In caso di ictus cerebrale manifesto è importante una qualificata terapia ospedaliera per garantire le necessarie terapie di base e per avviare un programma diagnostico e una precoce terapia riabilitativa che deve mobilitare il paziente e allenare specificamente le funzioni disturbate (fisioterapia, logopedia) per ottenere il loro massimo recupero e insegnare al paziente nuove tecniche di movimento che tengono conto delle paralisi e usano al meglio gli arti paralizzati. La fisioterapia è inoltre diretta a prevenire l'irrigidimento permanente delle articolazioni, che può risultare dall'irrigidimento muscolare (spasticità) che spesso si sviluppa dopo paralisi estese. Mentre un certo grado di spasticità può essere utile per l'impiego passivo di un arto e per permettere al paziente di mantenere una posizione verticale o di camminare, una spasticità accentuata può aumentare la disabilità o può essere dolorosa. In questo caso, va trattata con farmaci spasmolitici (baclofene, clonazepam, tizanidina, dantrolene). Un ulteriore aspetto importante è che dopo un ictus cerebrale si può instaurare una maggiore labilità psichica con alterazioni del comportamento o tendenze depressive che devono essere trattate a seconda della situazione individuale, impiegando strategie di terapia psicologica supportiva e farmacologica.
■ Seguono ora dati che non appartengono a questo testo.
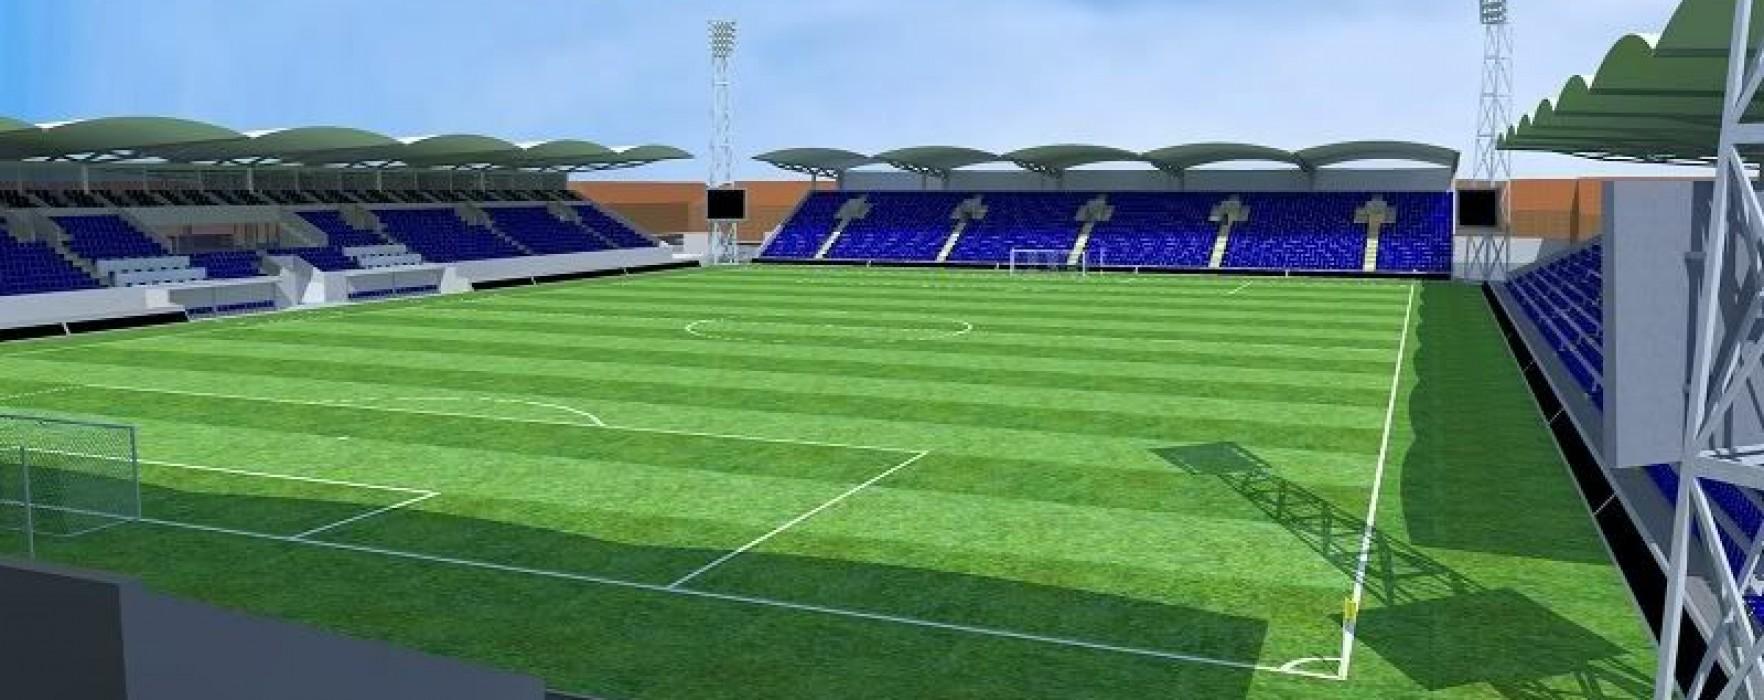 Adrian Ţuţuianu: Sper ca anul acesta să demareze construirea unui stadion la Târgovişte
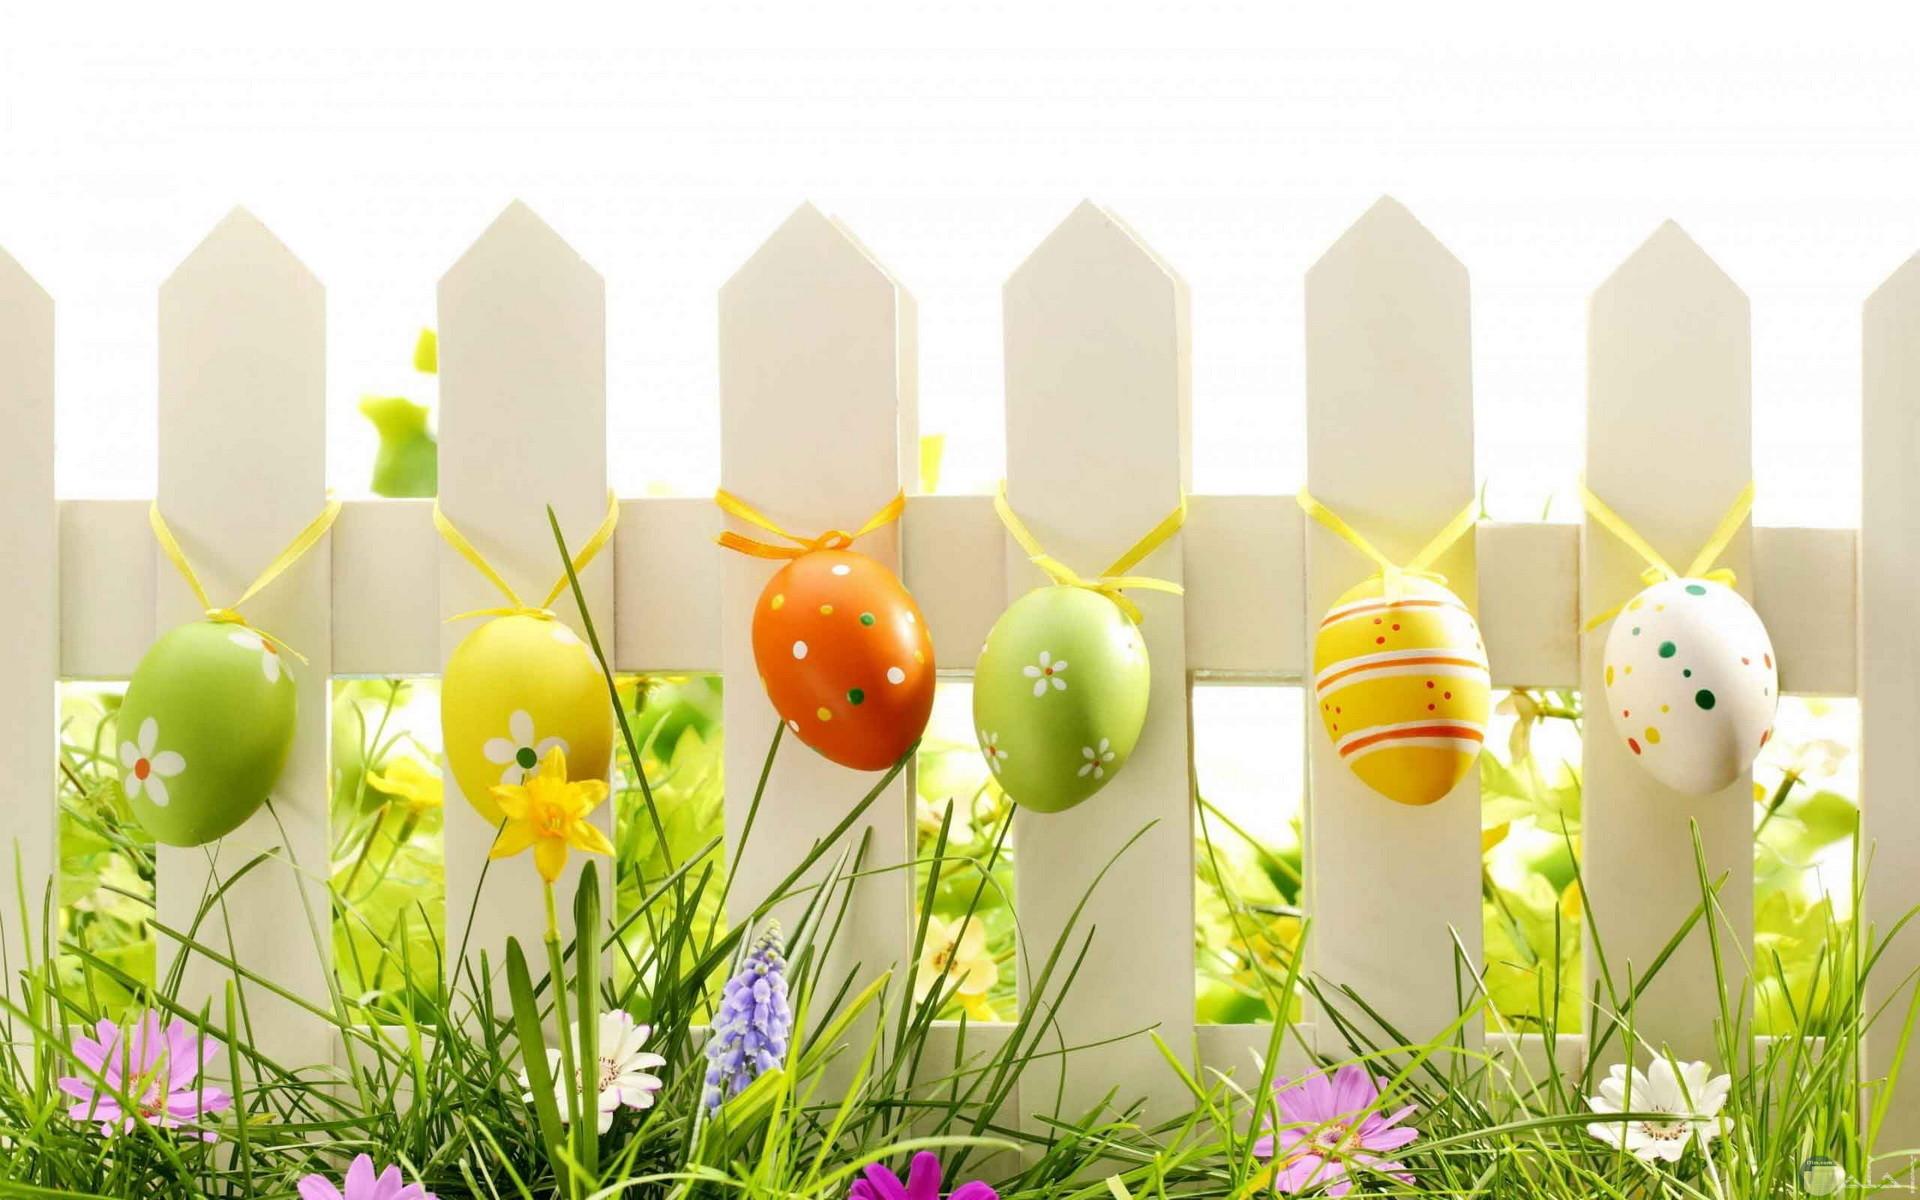 خلفيات روعة لعيد الربيع.

La scoperta di farmaci che in modelli sperimentali di ictus cerebrale possono ridurre il danno al tessuto nervoso (farmaci neuroprotettivi) ha fatto sperare che la somministrazione precoce di questi farmaci in pazienti colpiti da ictus possa notevolmente ridurre il grado di disabilità permanente. Finora, però, nessuno di questi farmaci è stato efficace in una serie di studi clinici, che vengono comunque portati avanti e potrebbero avere un impatto drastico nel futuro della terapia acuta dell'ictus cerebrale.